Week 1 – Section 3 – Learner Reflection & Practice

Learner Reflection & Practice

Orientation tools provide a way to assess, describe, and plan for the physical aspect of our communication.

What are some common configurations that occur naturally because of the architectural constructs we move around or through? For instance, Full Front at the fast food counter, or Profile on the streetcar. What are some more nuanced situations that seem to invite a default physical orientation?

For instance, Quarter Turn in a circle of friends, Full Back standing in line, or Full Front for formal greetings. Sitting or standing in front of a device camera invites Full Front, but now you know you have additional options of orientation even in front of a screen.

Observe the use of Line Focus in yourself and others. Reflect upon the circumstances or people that influence your Line Focus and the Line Focus of those around you.
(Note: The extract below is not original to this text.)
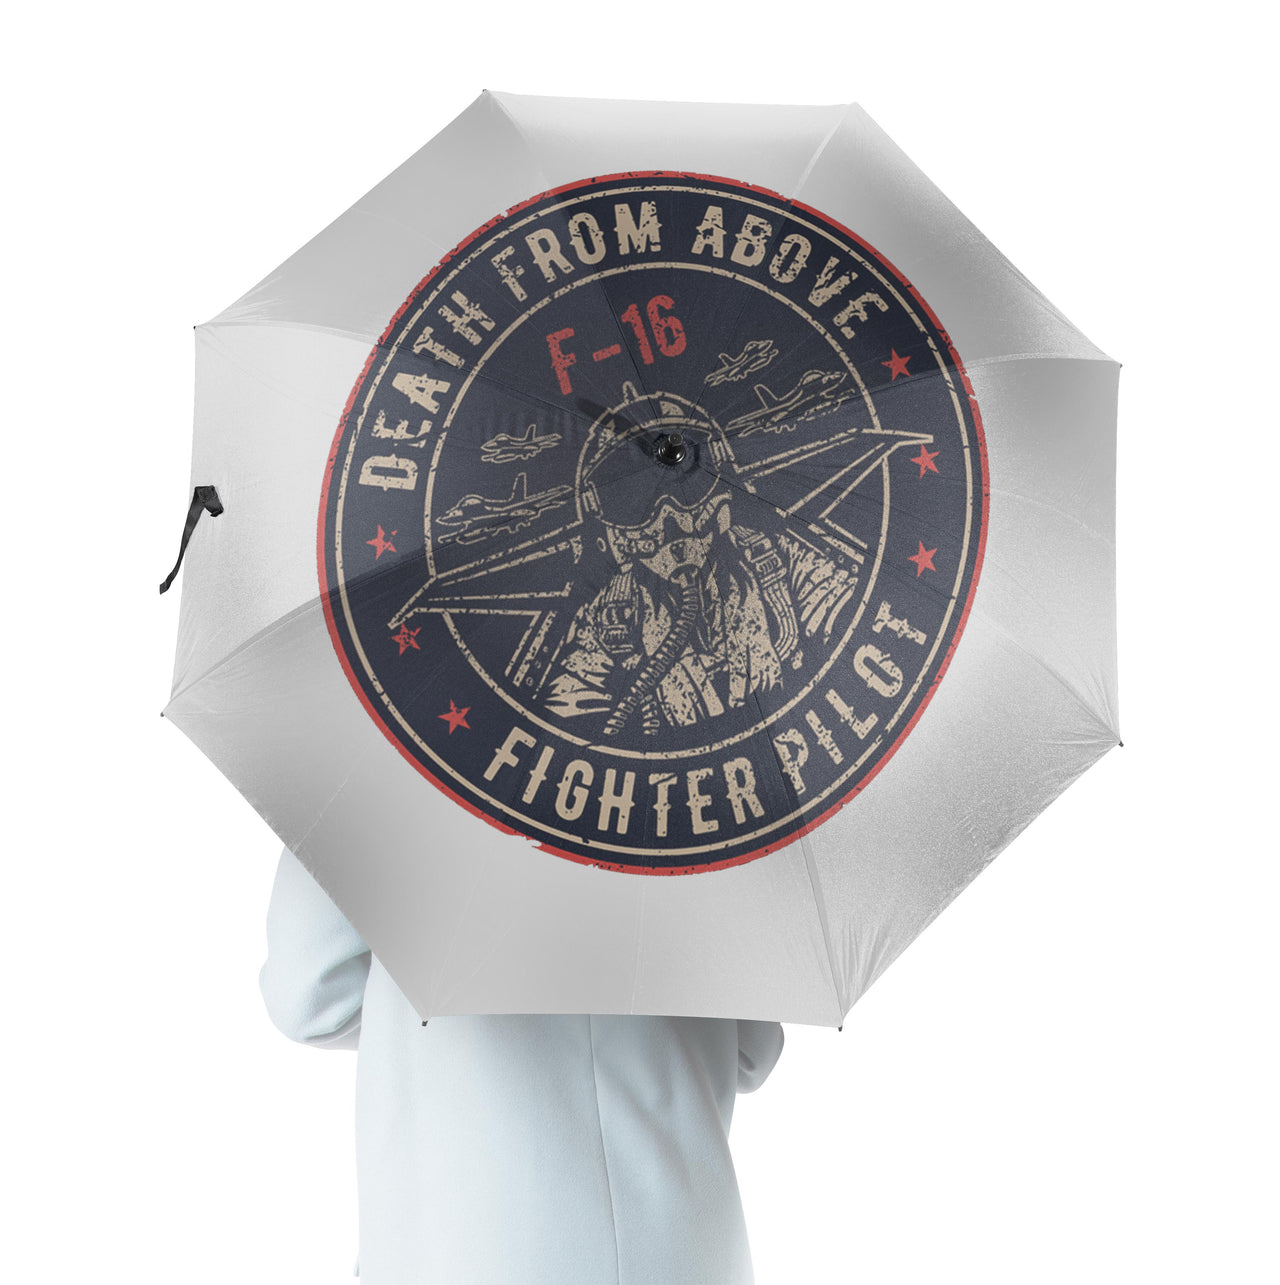 Fighting Falcon F16 - Death From Above Designed Umbrella

If you are a person that does not use your body to communicate or respond, try to employ a deliberate Line Focus pattern. For instance, you might want to draw focus with Full Front or connect with someone in a Quarter Turn.

What orientations do you default to most during your day? Observe when and why you shift orientations purposefully or subconsciously. Is it the circumstances, the people, your confidence level, or that you have a specific intention? If you are a person that naturally uses line focus in a reactionary fashion, always shifting toward people or activity, begin to observe what is causing your line focus to shift.

Do you think Physical Orientation can influence how you are perceived? What about how you perceive others?

Through your observations you will soon recognize that at times the impressions gathered from Physical Orientation and Frame and Stance transmit more meaning than what is spoken.

The strategic employment of these tools can also mitigate the exposure of your Emotional Center. Physical Orientation naturally builds upon the concepts of Line Focus and the Emotional Center.

Think of stressful or difficult in-person communications. What orientation can you employ that redirects your Emotional Center?

Redirecting your Emotional Center with purposeful Physical Orientation provides you agency in adapting to intimidating and difficult situations and supplies relief to your feeling without sacrificing full engagement in an interaction.

As an exercise to gain control over interruptive feelings or nerves and regain agency over thoughts and audience connection, turn your Line Focus a few degrees away from your communication partner.

Many people default to Full Front orientation for presentations or formal interactions in front of a group or large audience. Practice your presentation or discussion points laid out in Quarter Turn and then the same or similar content in Full Front or Profile, or vary positioning from one to the other as you communicate different content or ideas.

When you purposefully engage in changing orientations observe your communication partners and notice if they also shift or counter you physically.   

Don’t forget the Ready Position. You can layer Physical Orientation on top of your practice and use of the Ready Position.